Hereinafter, the configuration of the vacuum packaging machine 10 according to an embodiment of the present invention will be described in detail with reference to FIGS. 1 to 8.

In the illustrated embodiment, the vacuum packaging machine 10 includes a cabinet 100, a packing unit 200, a transfer unit 300, and a label attachment unit 400.

(1) Description of cabinet 100

The cabinet 100 forms part of the exterior of the vacuum packaging machine 10. A space is formed inside the cabinet 100 to accommodate some or all of the components constituting the vacuum packaging machine 10. In the embodiment shown in FIG. 2, the packing unit 200 may be accommodated in the cabinet 100.

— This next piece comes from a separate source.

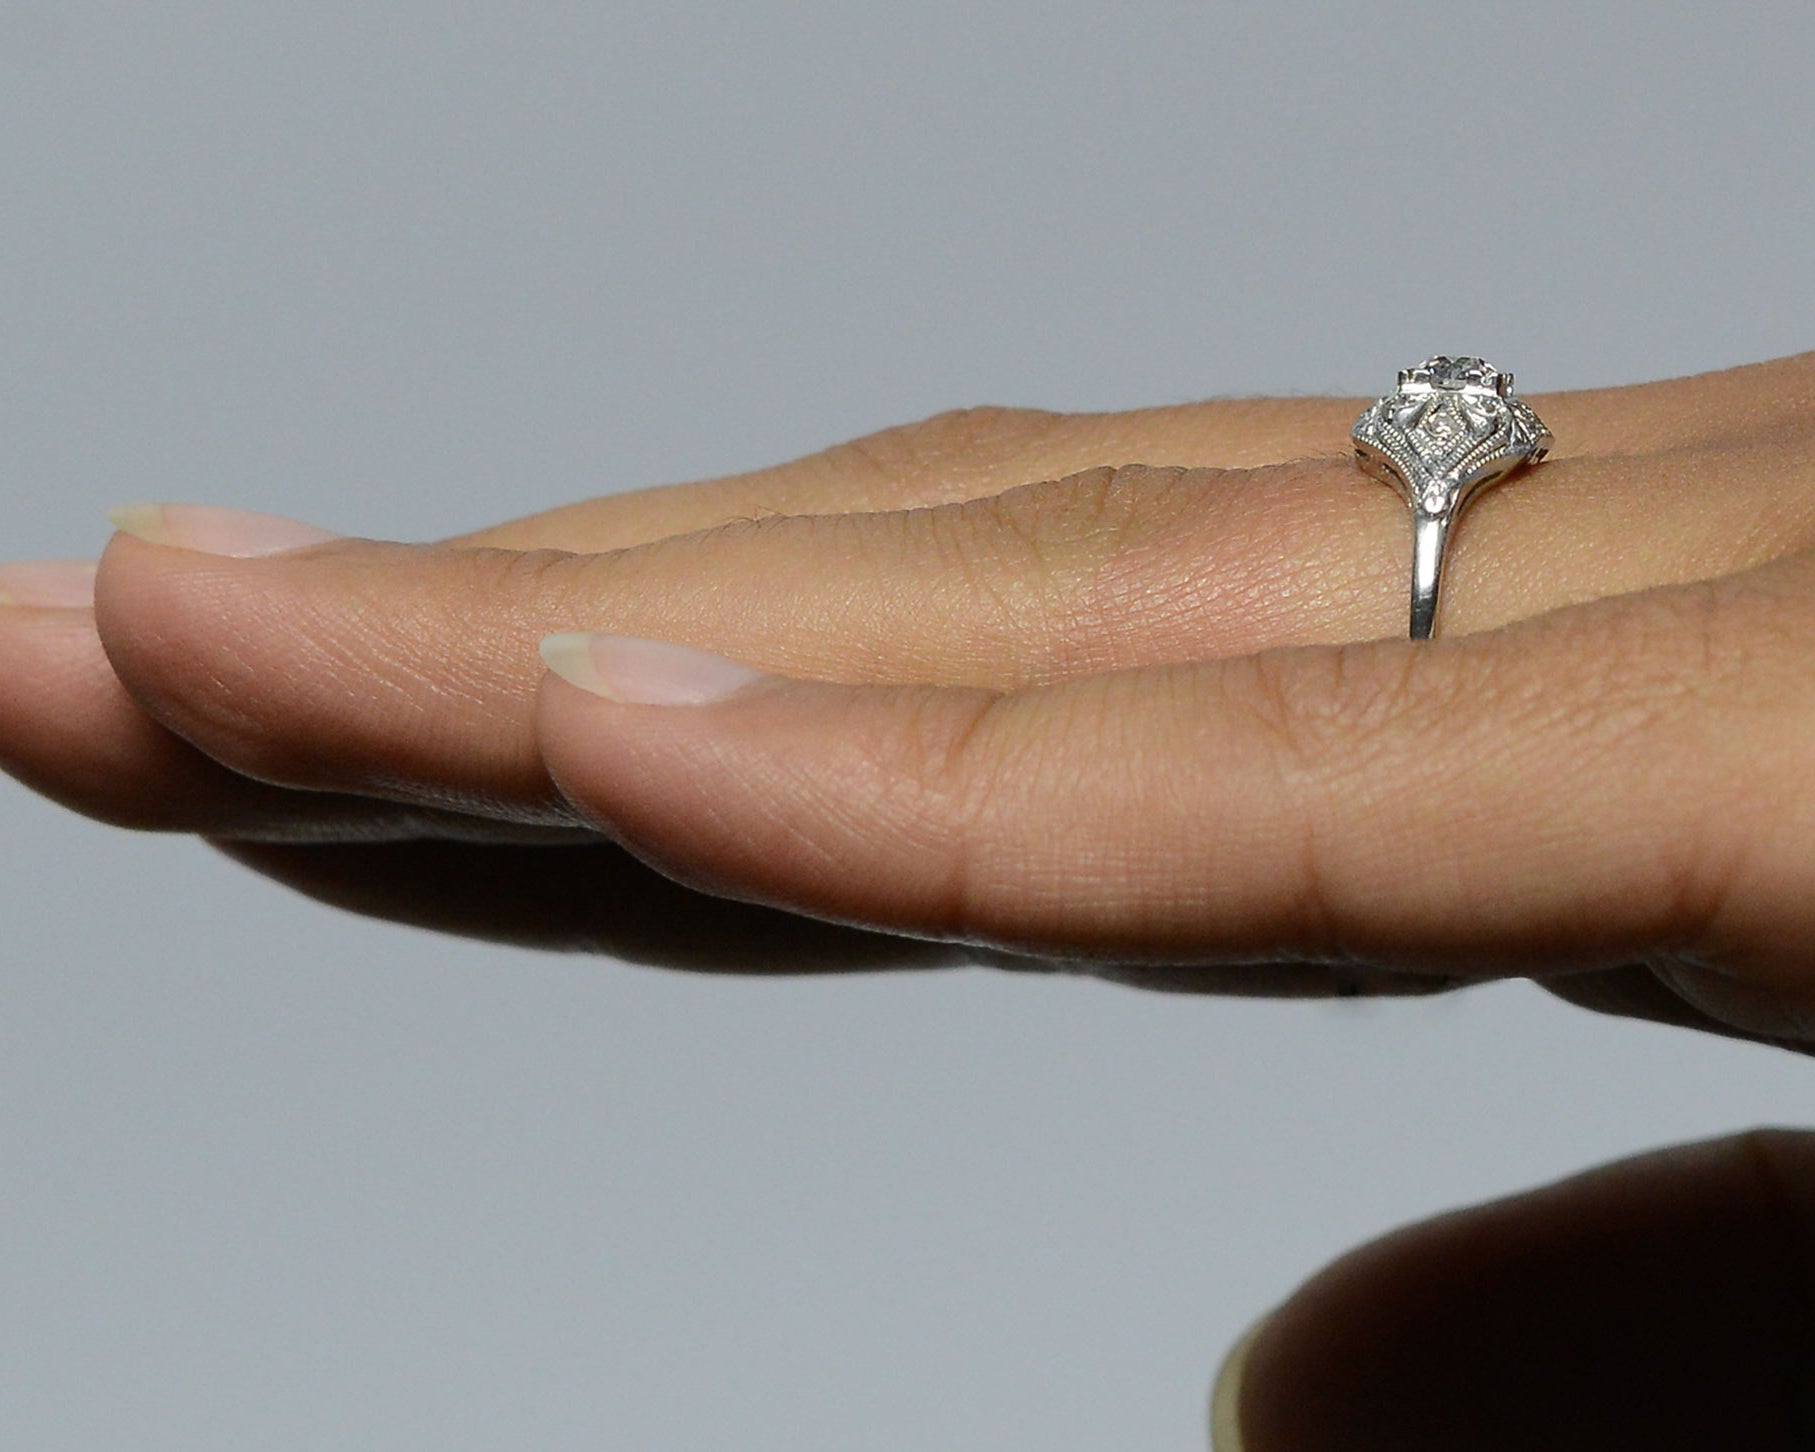 A fleur de lis pattern diamonds ring.

Additionally, the transfer unit 300 and the label attachment unit 400 may be disposed adjacent to the cabinet 100. Products vacuum-packed in the packing unit 200 may be moved by the transfer unit 300. Additionally, products vacuum-packed in the packing unit 200 may be labeled for identification using the label attachment unit 400.

The internal space of the cabinet 100 communicates with the outside. A product to be vacuum-packed may be delivered from another external device (not shown). Additionally, packing sheets, which are packaging materials for packaging products, can also be delivered from another external device (not shown).

The cabinet 100 may include a plurality of bars. The plurality of bars extend in different directions, and one bar may be fixedly coupled to another bar. Accordingly, the cabinet 100 is formed robustly, and each component provided in the vacuum packaging machine 10 can be stably supported or guided.

The cabinet 100 may be made of a material with sufficient rigidity and low weight. This is to prevent excessive increase in the weight of the vacuum packaging machine 10 and at the same time stably support or guide the various components provided in the vacuum packaging machine 10.

In one embodiment, the cabinet 100 may be made of aluminum.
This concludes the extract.